This organization tends to make for very long tables. For example, the `gapminder` data has 1704 rows: 12 years of data for 142 countries. We might want to show median life expectancy for each continent (5 rows) in three different years. This would make a nice compact table, but it seems like the data is not in the right shape for this.
## Pivot wider
We'll start by selecting three years (1987, 1997, 2007) and computing the median life expectancy for each continent in each year. (The median for the continent may not be representative of all countries in the continent, but we'll worry about that some other time.)
```{r}
t1 <- gapminder %>%
filter(year %in% c(1987, 1997, 2007)) %>%
group_by(continent, year) %>%
summarise(median_life_expectancy = median(lifeExp), .groups = "drop")
t1
```
Now we can see the data and it's not too large, the reshaping problem is clearer. I'd like to create a table with one row for each continent, one column for each year and the numbers in the grid should be the median life expectancy. This reshaping is called a pivot, specifically a pivot to make a wider table, and we simply need to specify the current column to use as the new names (year) and the current column to use as the values for the new grid (median_life_expectancy).
```{r}
t1 %>% pivot_wider(names_from = year, values_from = median_life_expectancy)
```
I'll give you an advanced peek at table formatting skills from the next lesson to make this look a bit better:
```{r}
t2 <- t1 %>% pivot_wider(names_from = year, values_from = median_life_expectancy)
t2 %>% rename(Continent = continent) %>%
arrange(-`2007`) %>%
kable(digits = 1) %>%
column_spec(1, bold=TRUE) %>%
kable_styling(full_width = FALSE)
```
## Pivot longer
Sometimes data a provided in a "wide" format, like the summary table above. This is often very convient for data entry and visual inspection. Suppose you wanted to use the years in the table shown above as a aesthetic in a plot, or a grouping variable in a summarise operation. You can't! So you might want to pivot the table to make it longer.
`pivot_longer` undoes the `pivot_wider` operation. You need to give the set of variables to be stacked and a name for the new variable to be filled with those column headings. Here's how to perform the inverse of the `pivot_wider` shown above. You can describe a sequence of variables by giving the first one, a colon (`:`), and the last one. Since our variable names are just numbers (which are not standard column names in data tables), we need to put backticks around them. (The plain expression 1987:2007 would be interpreted quite differently by R. Try it in the console. )
```{r}
t3 <- t2 %>% pivot_longer(cols = `1987`:`2007`, names_to = "year", values_to = "median_life_expectancy")
t3
```
There is an important difference between the original table `t1` and this recovered table `t3`: the year variable in t1 was an integer (numeric) but the year variable in `t3` is character (text). This will matter if you want to calculate with the new year variable or put it on a quantitative scale. The `hablar` package makes it really easy to convert variables from one type to another:
```{r}
t3 %>% convert(int(year))
```
The dataset `who` in the `tidyr` package is counts of tuberculosis cases by country and year. It is in wide format with many columns (new...) describing diagnosis method, sex, and age category. There are also a lot of missing data when the data are shown in this wide format.

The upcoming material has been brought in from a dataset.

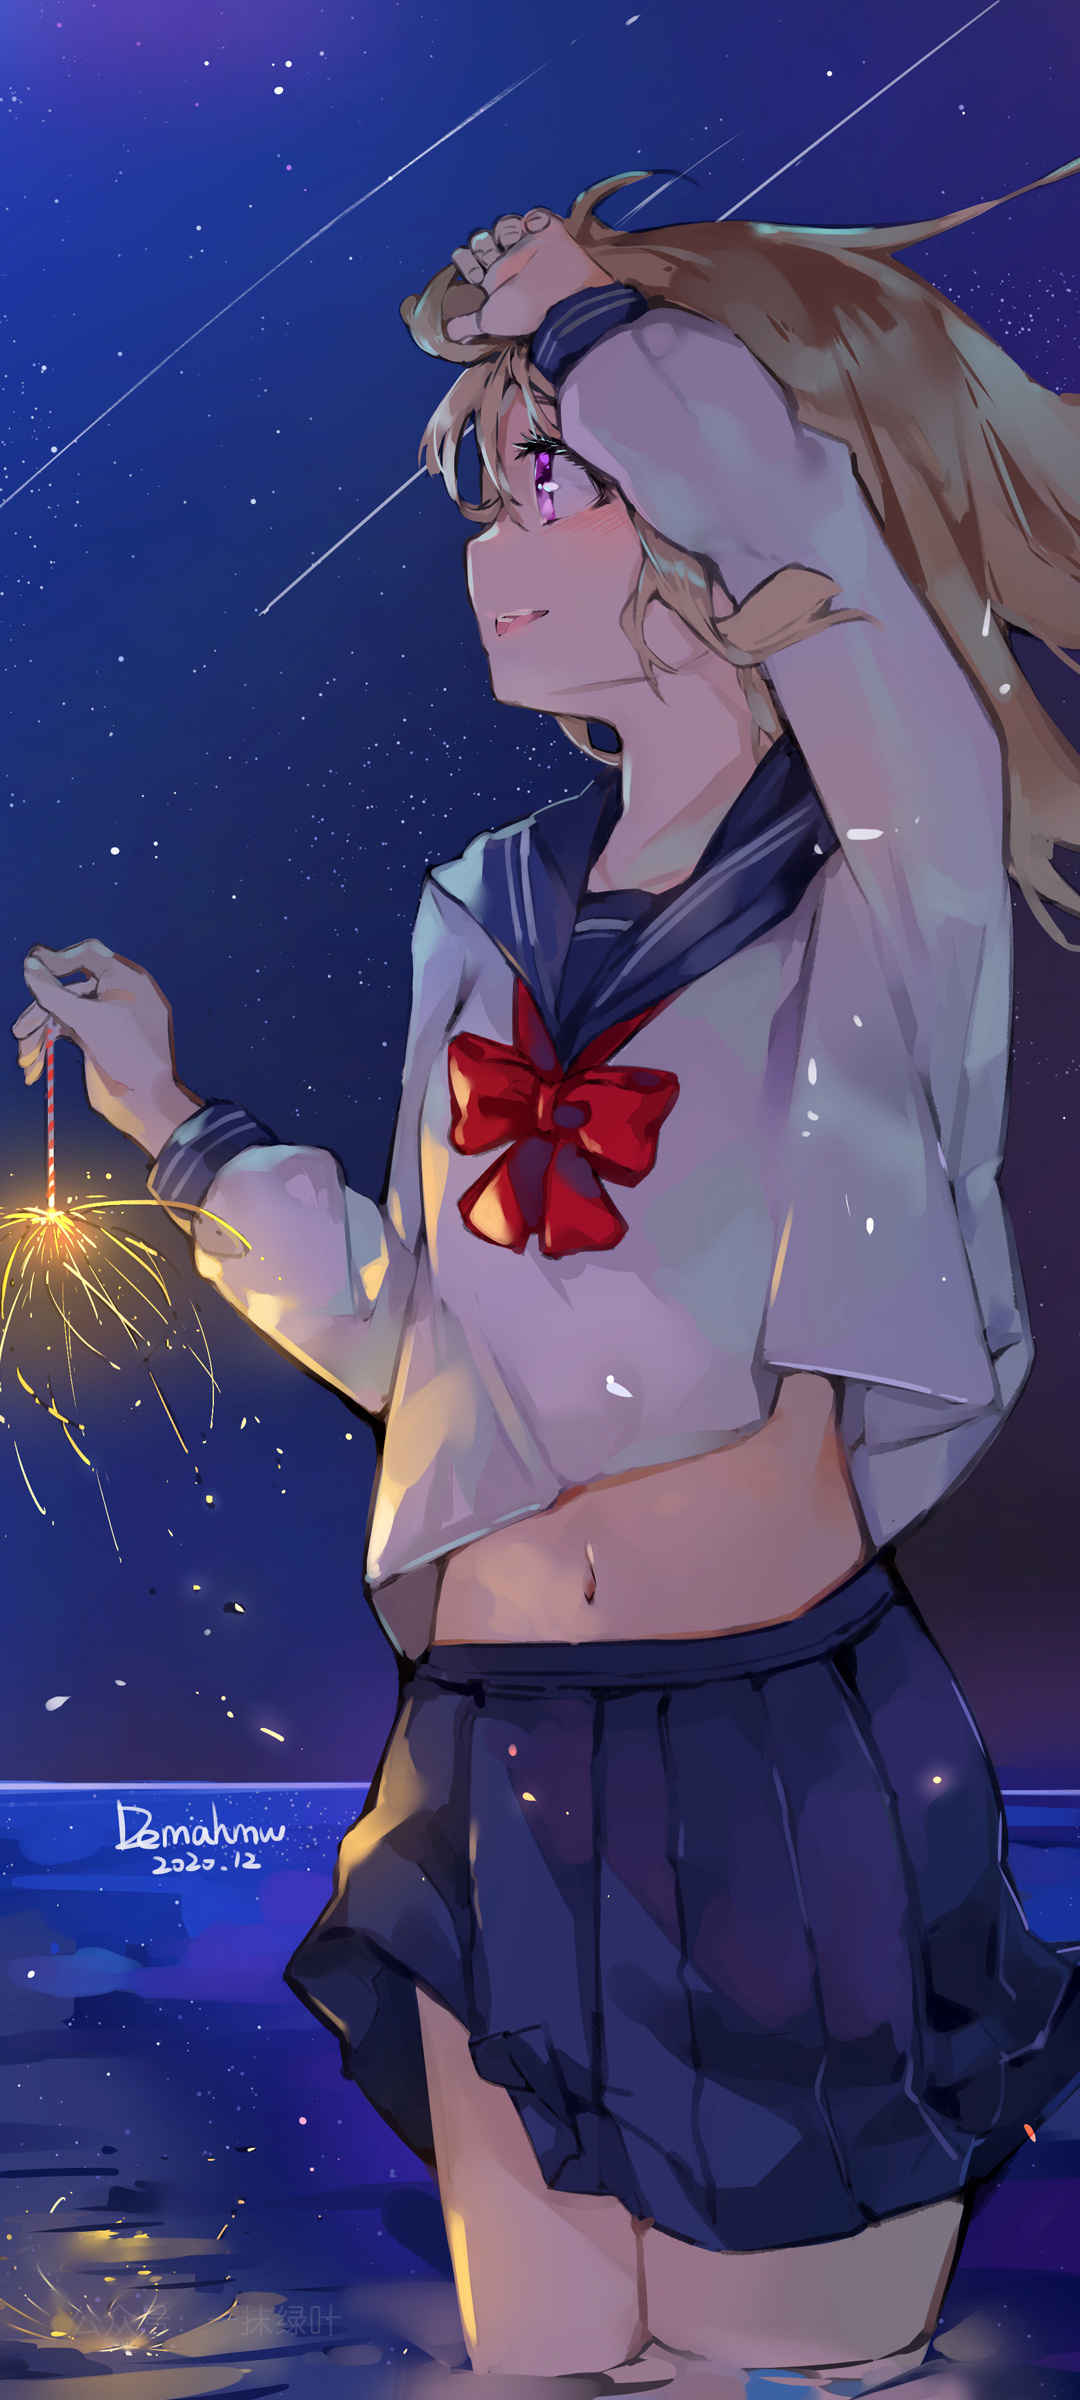 星空 少女 水手服 风景 夜空 动漫全面屏手机壁纸

Let's pivot this data to make it long.
```{r}
who_long <- who %>% pivot_longer(new_sp_m014:newrel_f65, names_to = "category", values_to = "counts")
head(who_long)
```
the original data had 7240 observations and 60 columns (4 that we've kept and 56 that we have pivoted). As a result our new table `who_long` has 6 columns (4+2) and 56 x 7240 = 405,440 rows. Let's see how many of the count data are missing.
```{r}
who_long %>% summarize(count_NA = sum(is.na(counts)))
```
A lot of them! In fact 81% of the data in the original matrix are NA. So let's discard them using `na.omit` or `filter(!is.na(counts))`. You can also use `values_drop_na = TRUE` in the `pivot_longer` function call. That will make a much smaller table. If you look at the smaller table, you'll see there are some counts equal to 0. So NA did not simply mean 0. (You should never use NA to mean 0; it should mean missing. But some people do.)
```{r}
who_long <- who_long %>% filter(!is.na(counts))
```
## Separate and Unite
The category variable combines three pieces of information together in one label. How can we decode the category into three columns: diagnosis, sex, and age group? The `separate` function is made for this. The easiest way to use separate is if the variable you are separating is consistently structured with the same character between each column, such as new_rel_f_2534. That's not the case here: some values start with `new_` and some are missing the underscore after the `new`. Also there is no underscore between sex and age group. So we will do a bit of pre-processing using the `stringr` package before we use separate.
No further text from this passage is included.